Claytonia virginica is a cytologically complex taxon, including diploids with n=6, 7, 8 and 9, and tetraploids, hexaploids, octaploids and dodecaploids. The largest number of chromosomes (2n=ca. 191) was observed in the New York area.

==Habitat and range==
Springbeauty is found in the Eastern temperate deciduous forest of North America. It is noted for its abundance throughout many parts of its range, especially in forests. The plant can be found throughout many different habitat types including lawns, city parks, forests, roadsides, wetlands, bluffs, and ravines.

==Hammond's yellow spring beauty==
Hammond's yellow spring beauty, Claytonia virginica var. hammondiae, is a varietal with a very small range and population in a few areas of Northwestern New Jersey.

==Uses==
This plant has been used medicinally by the Iroquois, who would give a cold infusion or decoction of the powdered roots to children suffering from convulsions.
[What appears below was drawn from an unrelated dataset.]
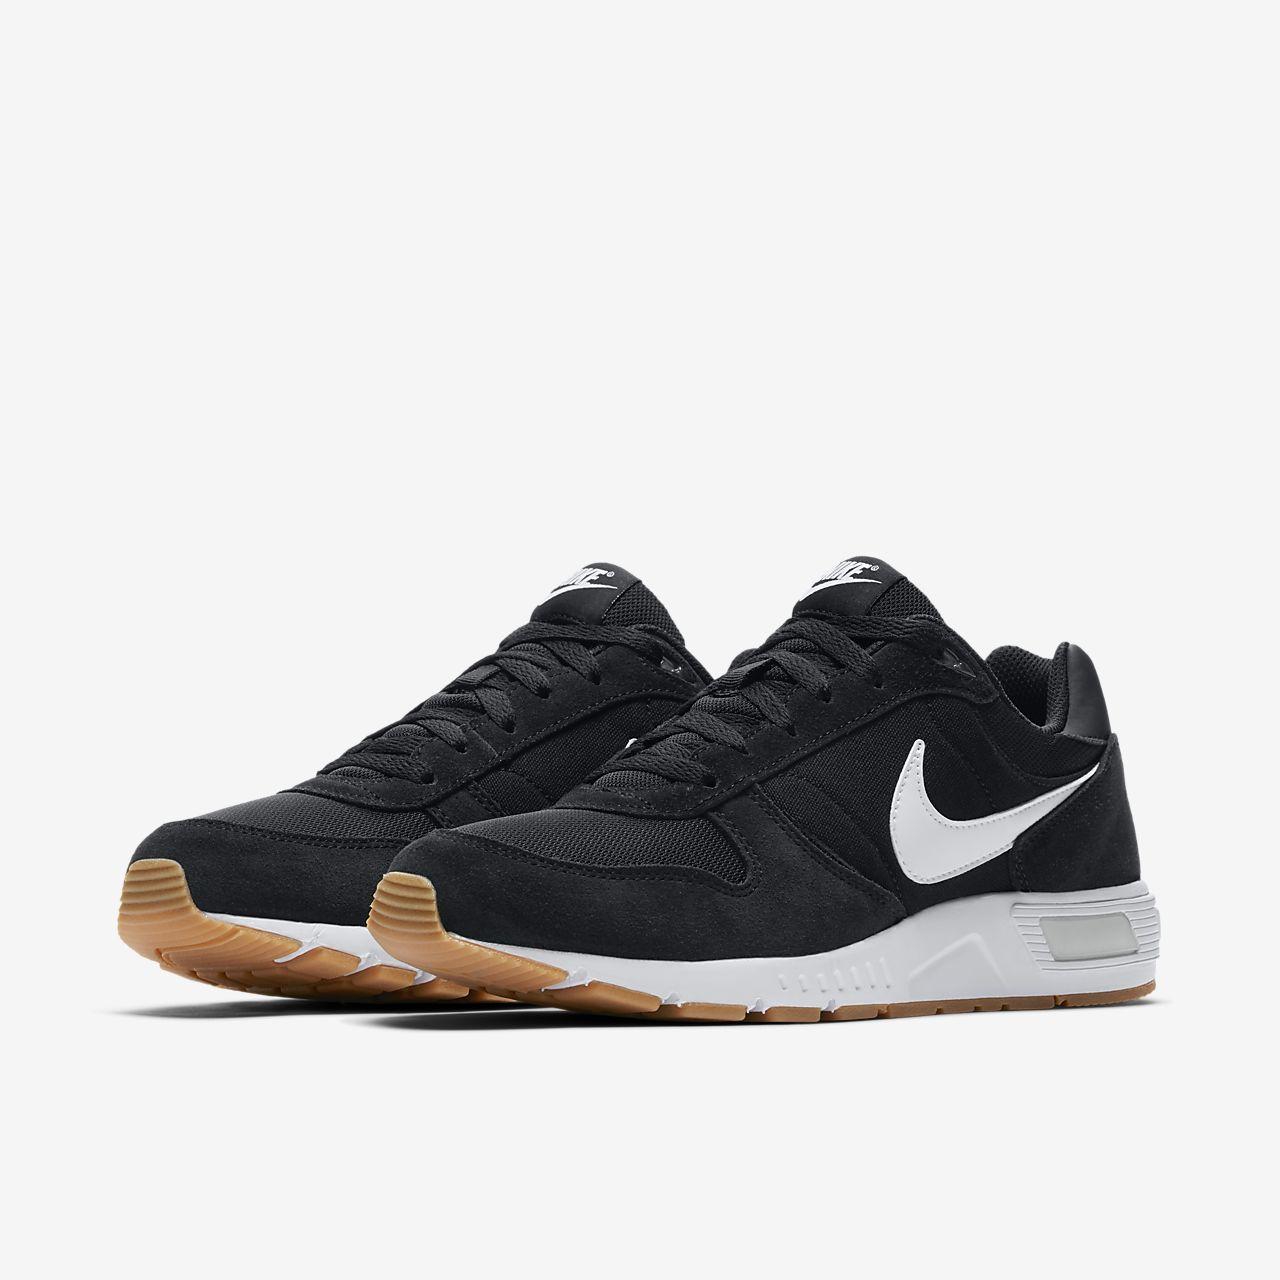 346e2bc4a8c56 Low Resolution Nike Nightgazer Men s Shoe Nike Nightgazer Men s Shoe

They would also eat the raw roots believing that they permanently prevented conception. They would also eat the roots as food, as would the Algonquin people, who cooked them like potatoes. The bulbs are rich in starch. When they are cooked, the taste has been described to be similar to chestnuts, while when raw, it has been said to taste like radishes. The roots are rich in vitamin A and C.

Spring beauty corms along with the entire above ground portion of the plant are safe for human consumption. The leaves can be cooked in salted water or steamed, although are not choice eating.